* Work to complete: Leaving all pictures out, output exactly and only the line containing "Panorámica de Oporto" and the lines that follow it to the end of the material below.

* Recorded information:
########

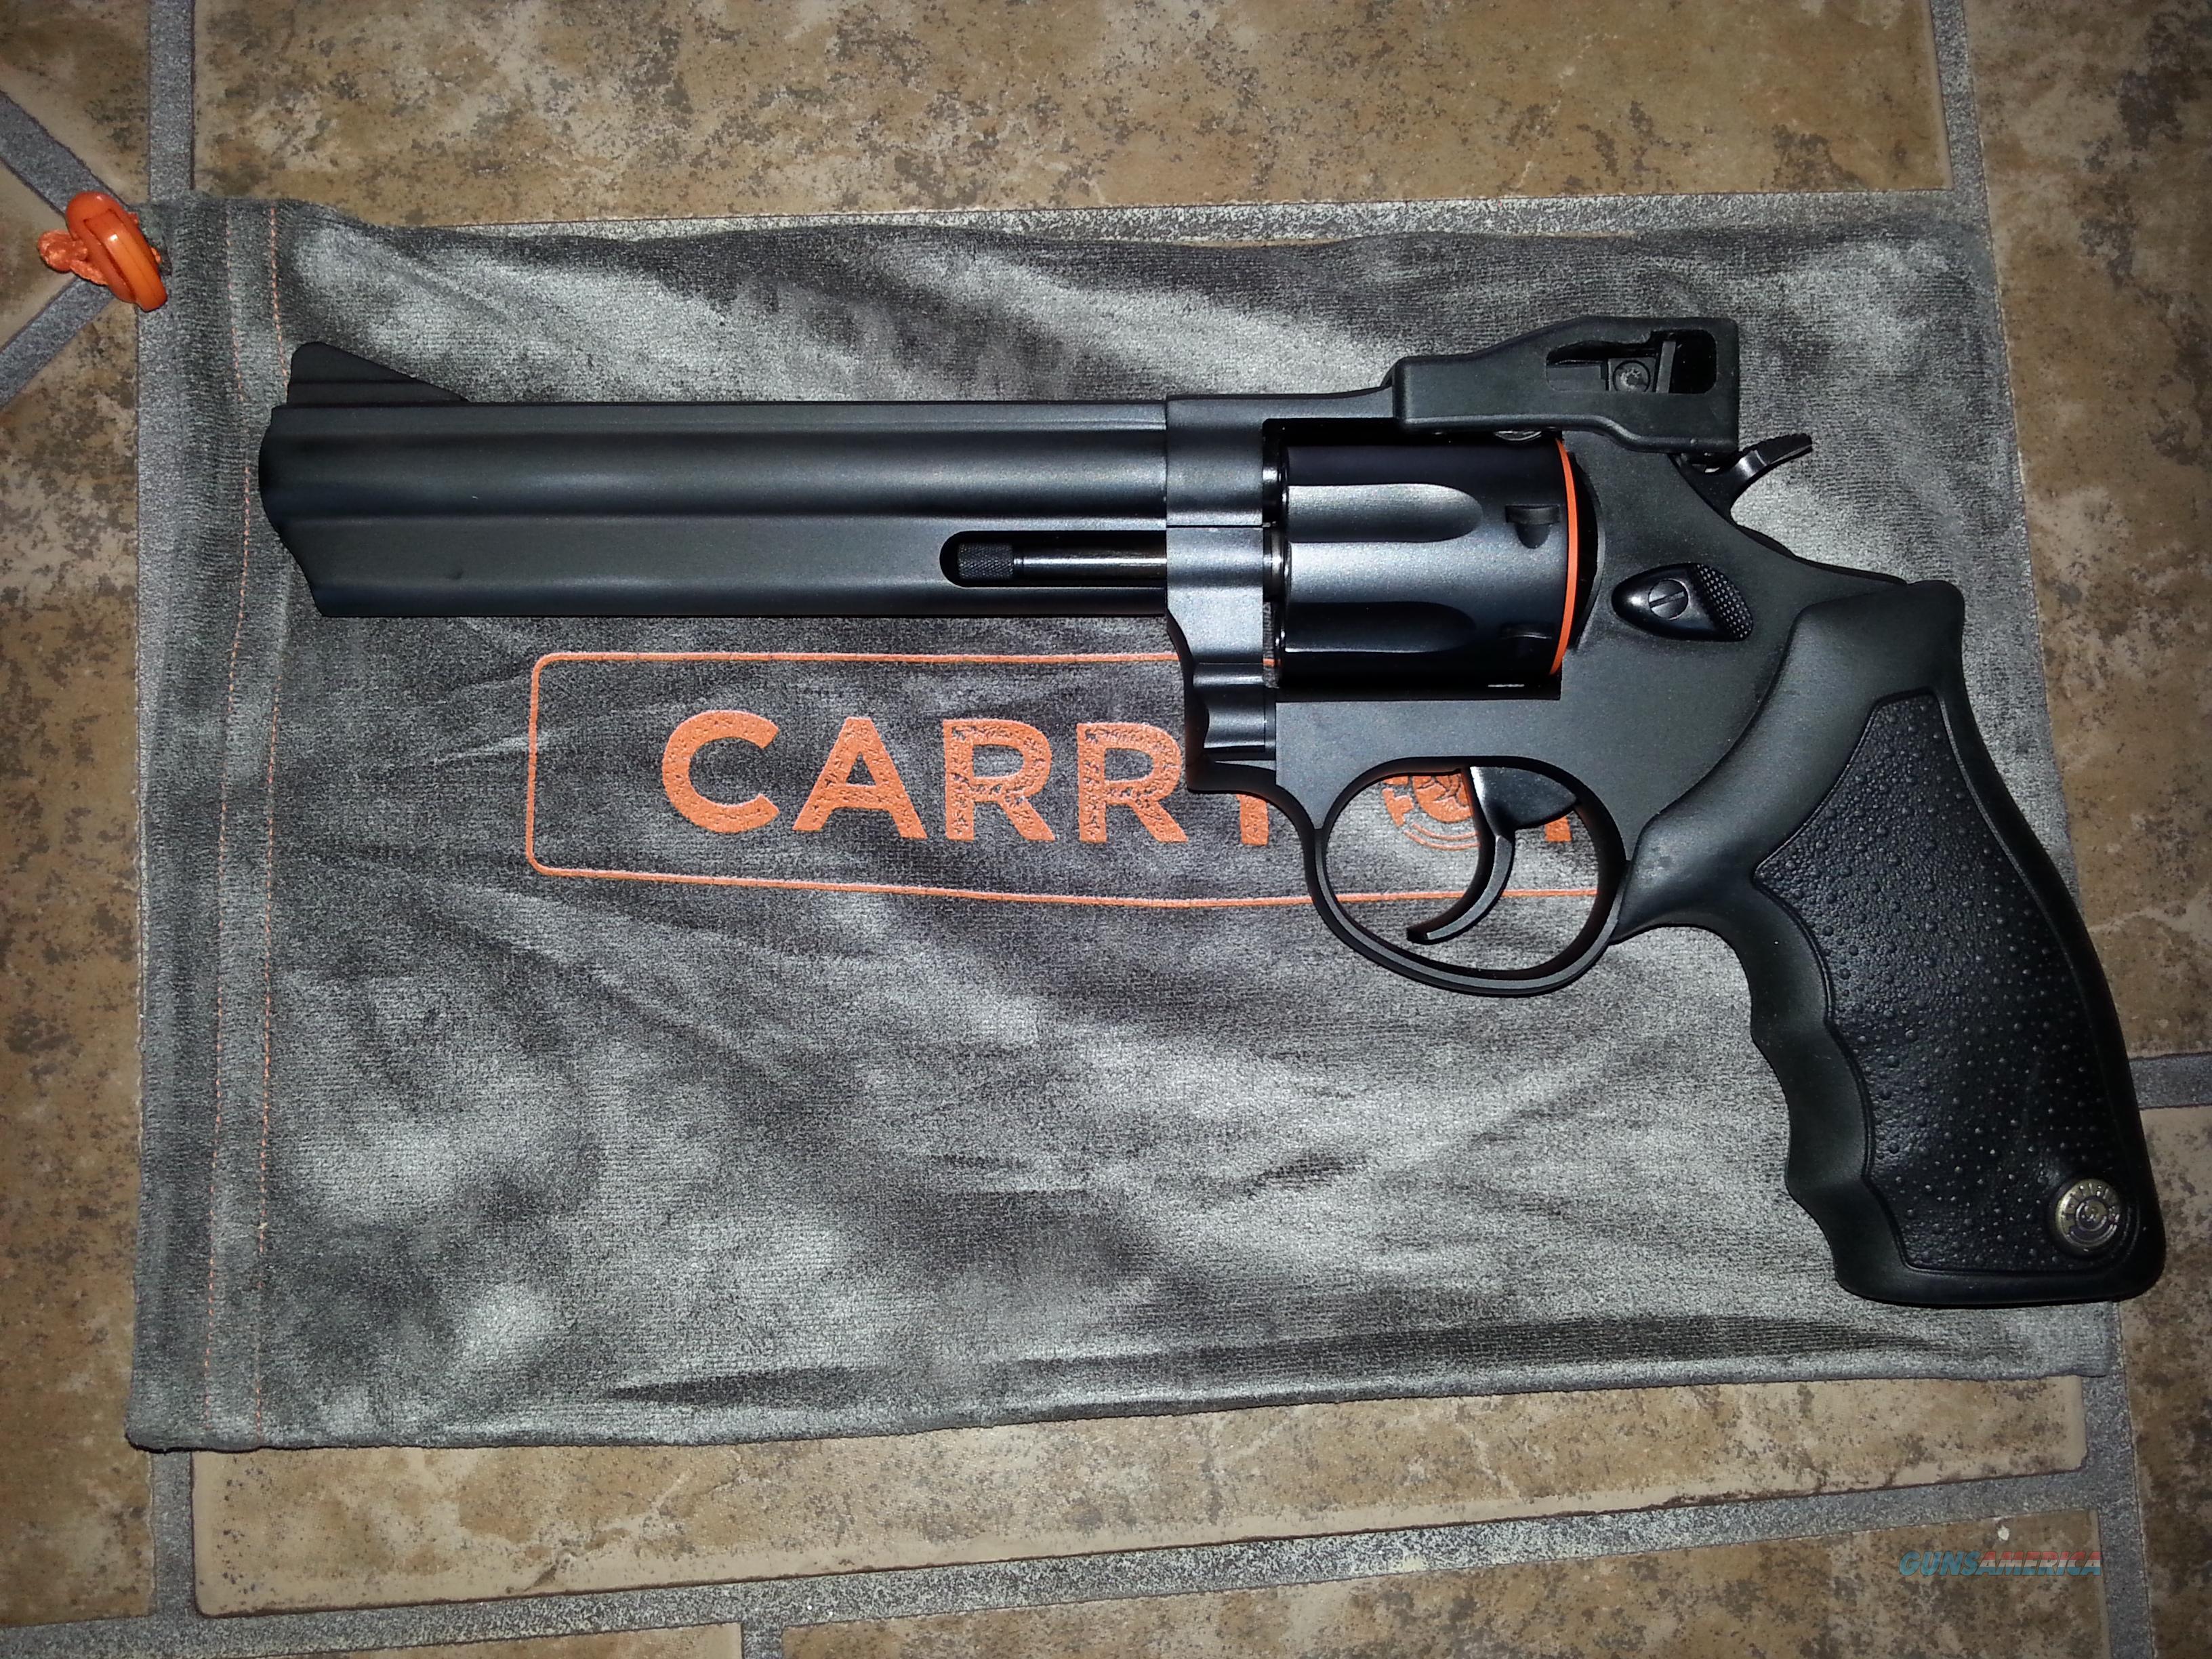 Taurus 357 magnum / 38 special revolver
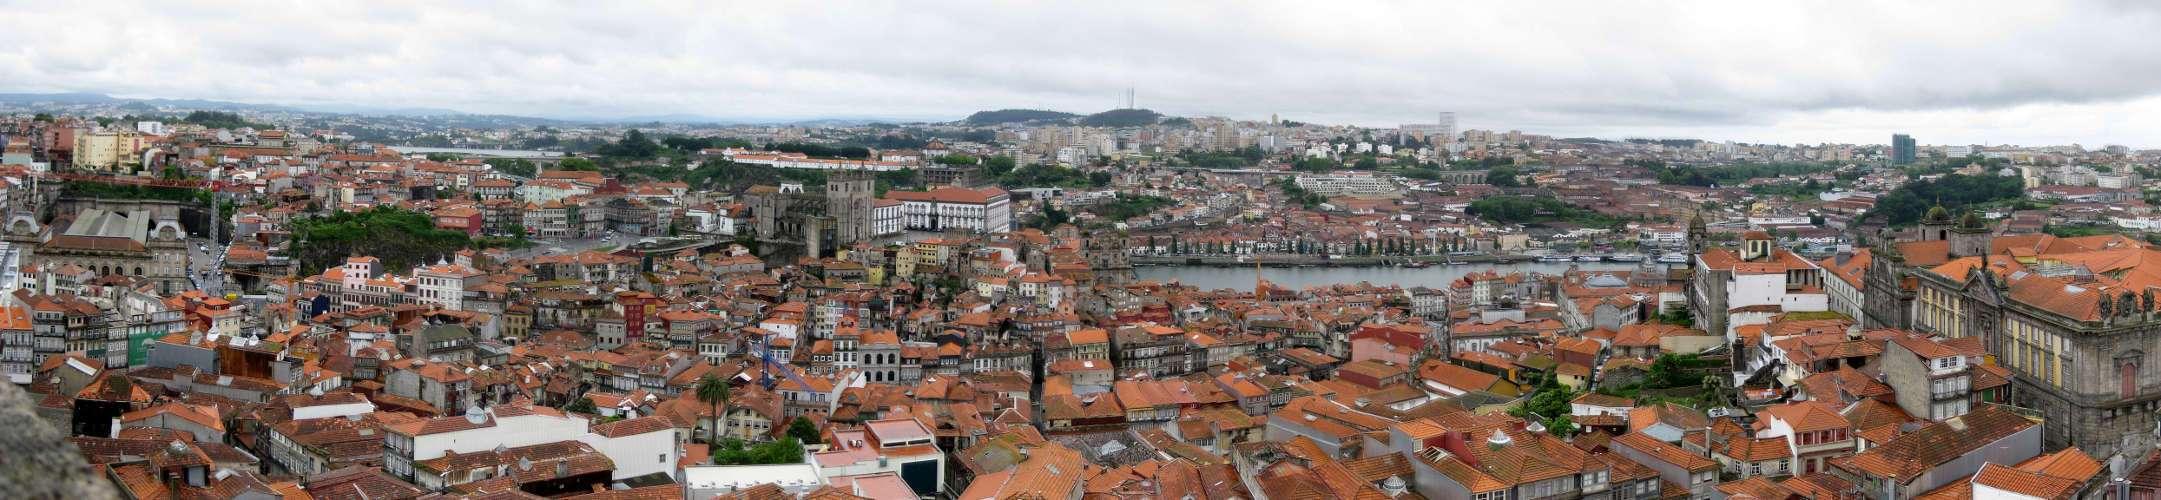 Panorámica de Oporto
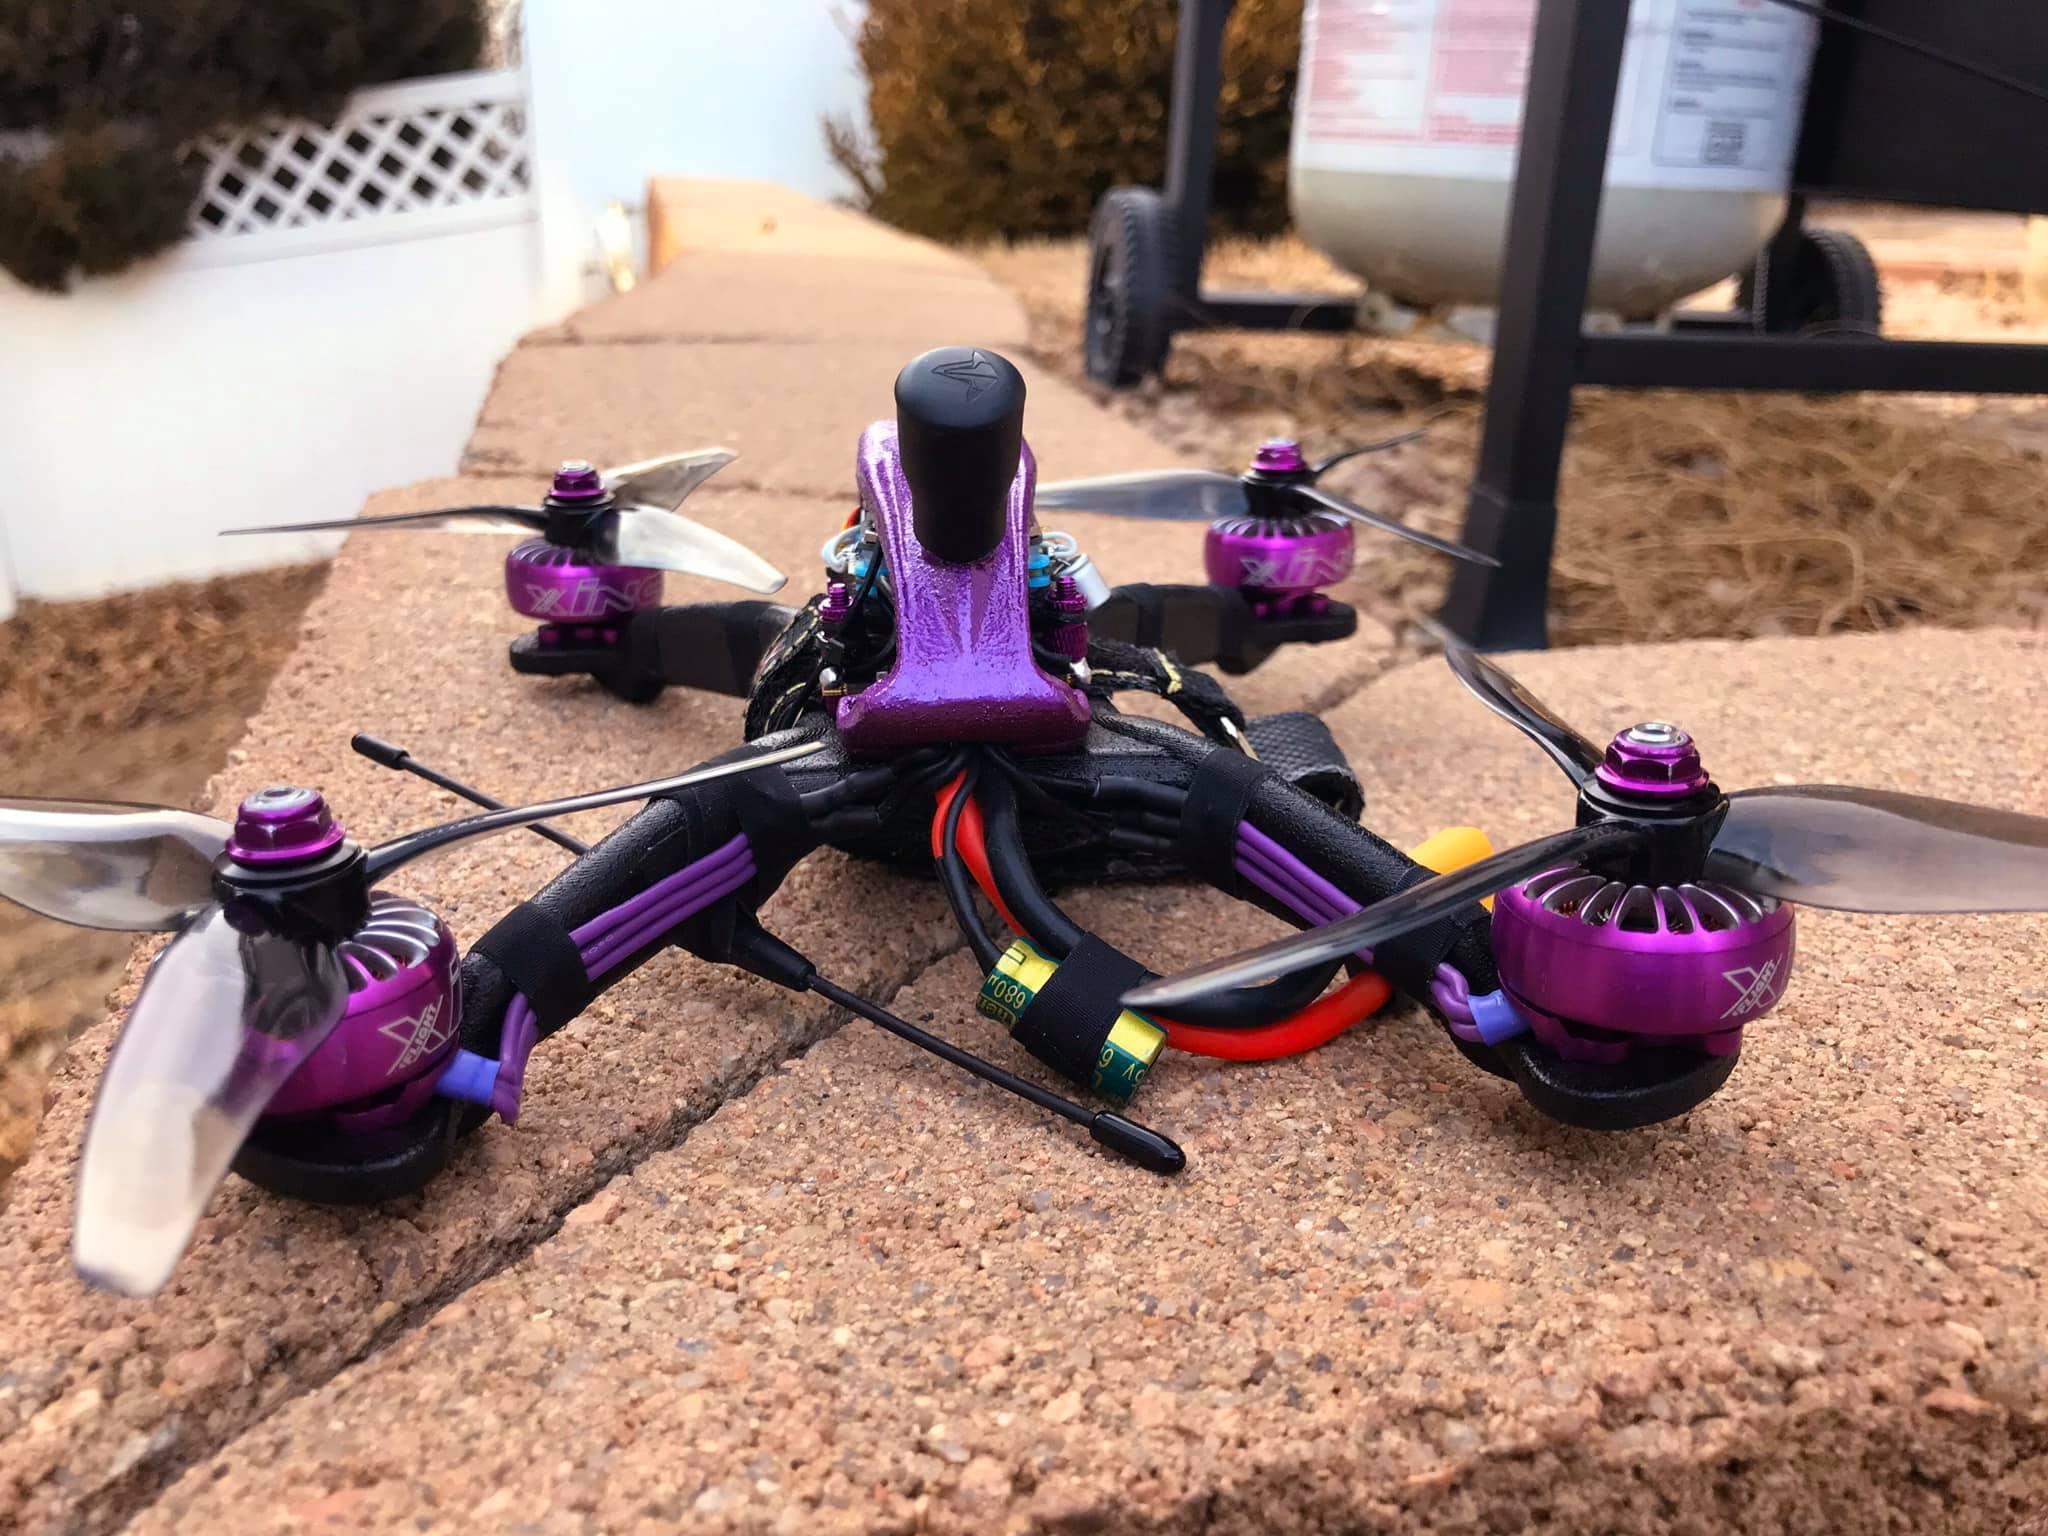 82772112_10160887118047355_1951982418927812608_o.jpg Télécharger fichier STL gratuit Cadre du quadriporteur Exorcist Racing (nouveau modèle) • Design pour impression 3D, DuckyRC

########

* Exercise result:
 Panorámica de Oporto
 82772112_10160887118047355_1951982418927812608_o.jpg Télécharger fichier STL gratuit Cadre du quadriporteur Exorcist Racing (nouveau modèle) • Design pour impression 3D, DuckyRC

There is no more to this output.